Throughout the area, at least three sets of short, closely spaced "minor" lineaments can be identified. For convenience only the northern component of strike is given. One set trends about N10°W to N20°W, another about N70°W to N80°W, and yet another trends about N10°E, as shown in fig. 13, which has been excerpted from fig. 12. Their lengths are problematical, but many may be only 2 or 3 km long. Vast numbers of these short lineaments are present in the region, making it impractical to mark them on the shaded-relief map in fig. 12; otherwise they would cover the map. The spacing between parallel short lineaments is difficult to measure objectively, but a spacing of several hundred meters is usual in some localities. In Ford County, Kansas, for example, the spacing is about 250 m (Harbaugh and others, 2005). The areal density of these minor lineaments seems to differ, however, in part because of differences in the quality of the DEM data and the corresponding shaded-relief maps. Comparison of lineament spacing and density from place to place can be difficult.
Figure 12 represents the same shaded-relief mosaic as fig. 5, except that the pronounced lineaments have been interpreted and marked as an overlay. The lineament-interpretive process is somewhat subjective. Only the "prominent" larger lineaments have been marked, whereas the vast number of lesser lineaments could have been but were not marked. The principal types of lineaments are classified and described, and following that, prominent examples of larger "major" lineaments are discussed on a quadrangle-by-quadrangle basis employing the "large" quadrangles as outlined in figs. 1 and 12.
Figure 12--Shaded-relief mosaic for entire area (fig. 1) on which lines have been added to represent where prominent lineaments have been identified. Square areas labeled from A to P denote "large" quadrangles defined for purposes of discussion of properties of lineaments.
Figure 13--Examples of different sets of short lineaments. A, Set trending about N10°W, N10°E, and N70°W.
13B, Sets trending about N10°E, N10°W, and N60°E.
13C, Set trending N70°W is prominent, with another set trending N5°W less prominent.
13D, Set N10°W is prominent, with less prominent sets trending N70°W and N10°E.
Many of the prominent lineaments that have been marked on fig. 12 are long and straight, but the directions differ. Some are more or less in accord with the directions of the minor lineaments, whereas others range from N70°W to N45°E. The lengths are variable, ranging from less than 10 to more than 40 km. Wherever we interpret one of the longer lineaments, a dilemma usually exists as to whether the lineament is actually as long as it seems, or is it a visual apparition that stems from the eye's tendency to link shorter lineaments together? Given their subtle nature, it is difficult to distinguish between segments of straight short minor lineaments that line up, versus those lineaments that are truly longer.

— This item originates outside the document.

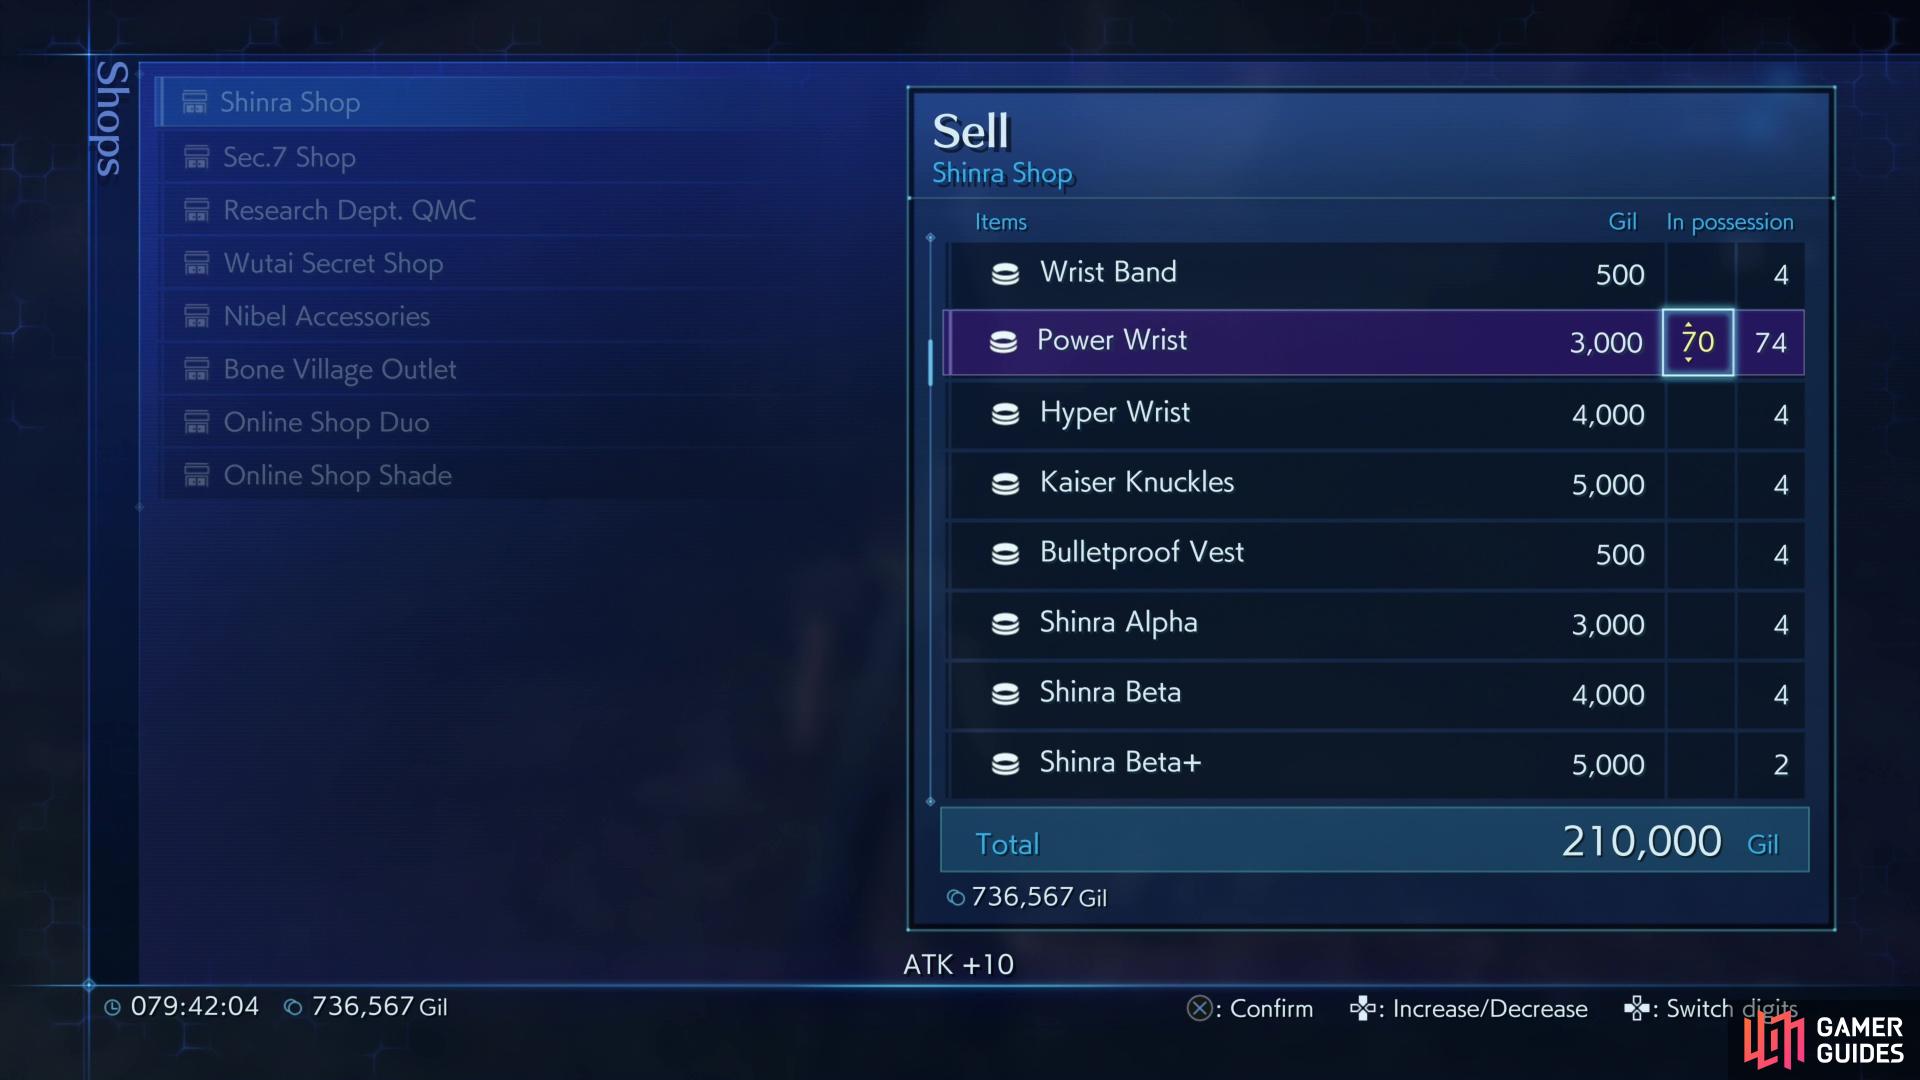 then sell your haul of !Power Wrists for 3,000 Gil a pop - this will earn you roughly 15,000 Gil per fight.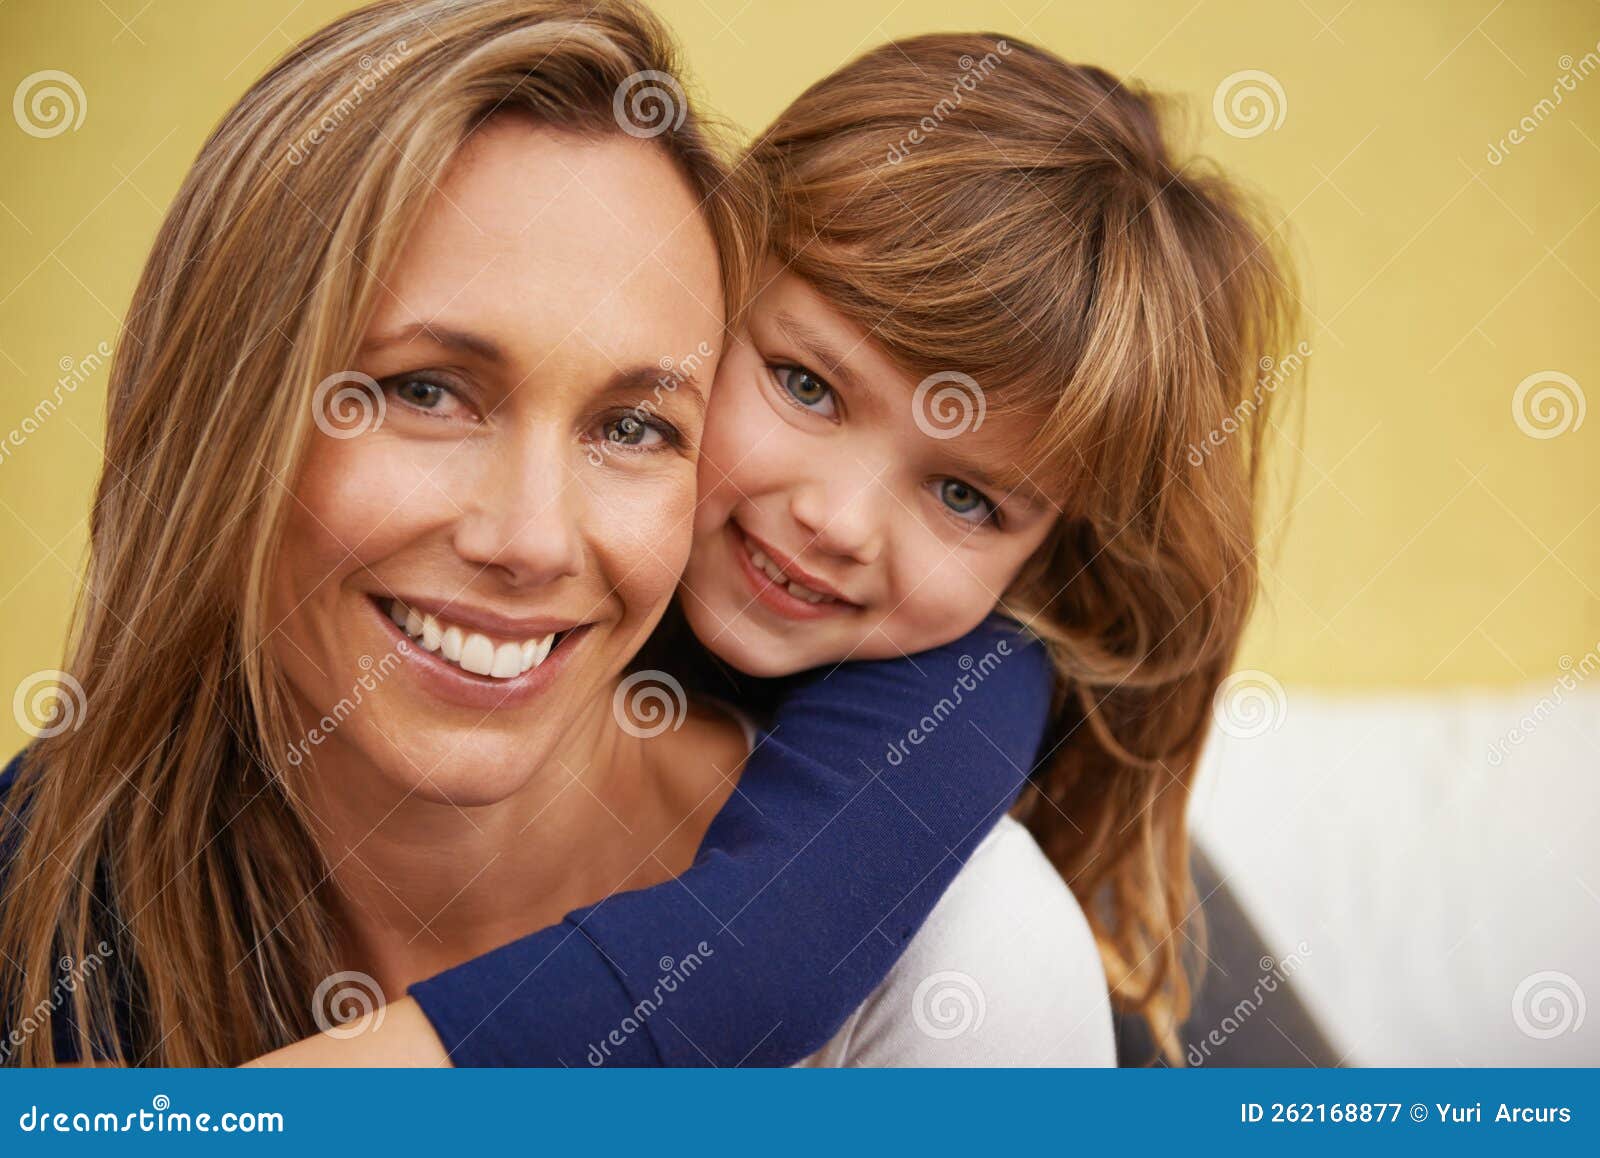 She Loves Her Mommy So Much Portrait Of A Loving Mother And Daughter At Home Stock Image

Some of the lineaments curve, some gently differing in azimuth direction by only 5° or 10°, whereas others are more curvilinear. One prominent curvilinear feature (fig. 12) in the southeastern part of the overall area appears to extend for at least 100 km and trends in a general northeasterly direction. Others whose features involve curvatures of 30° or 40° are prominent in quadrangle "C" on fig. 12, where the radii of curvature range between about 5 and 10 km.
The prominent lineaments marked in fig. 12 are described according to their location with respect to the 16 "large" quadrangles labeled A through P. Each large quadrangle is composed of 12 standard 7 1/2-minute quadrangles, three 7 1/2-minute quadrangles north-south and four quadrangles east-west. Large quadrangles A to I are within the experimental area, and those labeled J to P extend the overall area in which lineaments have been mapped.
Quadrangle A: Three long gently curving lineaments stand out, of which two trend more-or-less north-northeast, whereas the third trends northeast. One of the north-trending lineaments can be traced across the Kansas River.
Quadrangle B: Several prominent lineaments occur in the western half of the quadrangle. Five elongate closely spaced north-northeast-trending lineaments in the eastern part of quadrangle are interesting. They extend from the northeastern part of quadrangle E, and the easternmost one can be traced into quadrangle C and onward northeast into quadrangle P.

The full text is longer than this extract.